Of the material below, the lines to be retyped are those from the line containing "Saut Hermès 2017: Prima" through the line containing "Wallpapers Las Vegas", inclusive; reproduce them exactly.

════

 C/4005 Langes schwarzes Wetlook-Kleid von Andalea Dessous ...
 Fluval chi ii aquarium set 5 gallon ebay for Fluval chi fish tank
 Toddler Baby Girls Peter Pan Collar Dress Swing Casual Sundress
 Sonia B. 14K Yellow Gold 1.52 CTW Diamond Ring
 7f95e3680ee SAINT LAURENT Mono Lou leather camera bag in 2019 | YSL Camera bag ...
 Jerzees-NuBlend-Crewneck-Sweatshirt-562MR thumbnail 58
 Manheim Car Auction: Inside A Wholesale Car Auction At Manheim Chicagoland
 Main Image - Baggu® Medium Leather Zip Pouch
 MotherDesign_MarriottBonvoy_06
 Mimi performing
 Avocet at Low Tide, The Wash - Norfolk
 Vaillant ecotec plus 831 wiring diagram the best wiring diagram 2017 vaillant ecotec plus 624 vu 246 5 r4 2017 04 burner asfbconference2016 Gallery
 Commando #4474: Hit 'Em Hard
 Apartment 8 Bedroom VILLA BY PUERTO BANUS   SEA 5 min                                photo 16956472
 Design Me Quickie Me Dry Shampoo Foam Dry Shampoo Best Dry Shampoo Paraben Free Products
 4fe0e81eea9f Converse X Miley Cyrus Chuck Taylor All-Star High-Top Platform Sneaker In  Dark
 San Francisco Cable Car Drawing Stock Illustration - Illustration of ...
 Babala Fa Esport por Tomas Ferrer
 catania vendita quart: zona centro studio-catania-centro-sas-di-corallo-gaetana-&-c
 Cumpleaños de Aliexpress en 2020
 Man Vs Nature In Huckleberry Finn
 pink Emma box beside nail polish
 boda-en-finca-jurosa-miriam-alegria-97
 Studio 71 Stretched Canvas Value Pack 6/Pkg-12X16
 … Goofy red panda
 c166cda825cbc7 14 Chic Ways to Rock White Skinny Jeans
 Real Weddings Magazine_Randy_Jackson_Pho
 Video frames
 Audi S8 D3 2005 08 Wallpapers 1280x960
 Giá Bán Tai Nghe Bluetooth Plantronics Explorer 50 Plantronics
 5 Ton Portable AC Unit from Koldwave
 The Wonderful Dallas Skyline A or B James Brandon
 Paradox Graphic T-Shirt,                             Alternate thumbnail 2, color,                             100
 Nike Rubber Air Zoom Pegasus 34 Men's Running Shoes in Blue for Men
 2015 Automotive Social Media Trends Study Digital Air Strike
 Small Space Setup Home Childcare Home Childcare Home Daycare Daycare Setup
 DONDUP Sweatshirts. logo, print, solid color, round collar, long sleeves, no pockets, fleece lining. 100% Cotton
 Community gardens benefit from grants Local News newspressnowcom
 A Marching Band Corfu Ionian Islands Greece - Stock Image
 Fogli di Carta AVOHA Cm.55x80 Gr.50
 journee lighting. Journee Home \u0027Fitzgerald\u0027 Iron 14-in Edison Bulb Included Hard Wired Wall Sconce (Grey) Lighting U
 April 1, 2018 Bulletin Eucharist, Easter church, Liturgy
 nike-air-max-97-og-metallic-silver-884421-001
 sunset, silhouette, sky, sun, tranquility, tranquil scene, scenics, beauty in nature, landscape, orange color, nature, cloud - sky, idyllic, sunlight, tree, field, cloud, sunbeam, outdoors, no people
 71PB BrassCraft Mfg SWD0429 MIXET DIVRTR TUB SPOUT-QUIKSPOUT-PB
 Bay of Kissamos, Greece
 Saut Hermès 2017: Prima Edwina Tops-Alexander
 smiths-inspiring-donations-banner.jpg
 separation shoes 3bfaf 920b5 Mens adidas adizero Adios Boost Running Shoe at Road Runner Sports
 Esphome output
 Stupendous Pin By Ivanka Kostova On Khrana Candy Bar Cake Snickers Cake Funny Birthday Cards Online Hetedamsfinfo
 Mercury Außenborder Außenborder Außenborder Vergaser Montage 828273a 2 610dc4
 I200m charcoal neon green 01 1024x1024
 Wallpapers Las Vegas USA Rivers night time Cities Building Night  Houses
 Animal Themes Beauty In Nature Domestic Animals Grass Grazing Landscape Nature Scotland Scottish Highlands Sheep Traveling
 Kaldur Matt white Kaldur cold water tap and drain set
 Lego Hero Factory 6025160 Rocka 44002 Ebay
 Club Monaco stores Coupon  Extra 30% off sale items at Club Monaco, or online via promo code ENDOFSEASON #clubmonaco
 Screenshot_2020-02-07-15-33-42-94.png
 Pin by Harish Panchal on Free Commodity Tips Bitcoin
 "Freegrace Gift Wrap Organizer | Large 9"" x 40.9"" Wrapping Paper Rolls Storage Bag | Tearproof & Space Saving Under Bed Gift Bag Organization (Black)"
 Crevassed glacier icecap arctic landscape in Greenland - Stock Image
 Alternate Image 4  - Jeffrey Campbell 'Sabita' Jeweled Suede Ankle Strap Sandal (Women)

════

§ Your response:
 Saut Hermès 2017: Prima Edwina Tops-Alexander
 smiths-inspiring-donations-banner.jpg
 separation shoes 3bfaf 920b5 Mens adidas adizero Adios Boost Running Shoe at Road Runner Sports
 Esphome output
 Stupendous Pin By Ivanka Kostova On Khrana Candy Bar Cake Snickers Cake Funny Birthday Cards Online Hetedamsfinfo
 Mercury Außenborder Außenborder Außenborder Vergaser Montage 828273a 2 610dc4
 I200m charcoal neon green 01 1024x1024
 Wallpapers Las Vegas USA Rivers night time Cities Building Night  Houses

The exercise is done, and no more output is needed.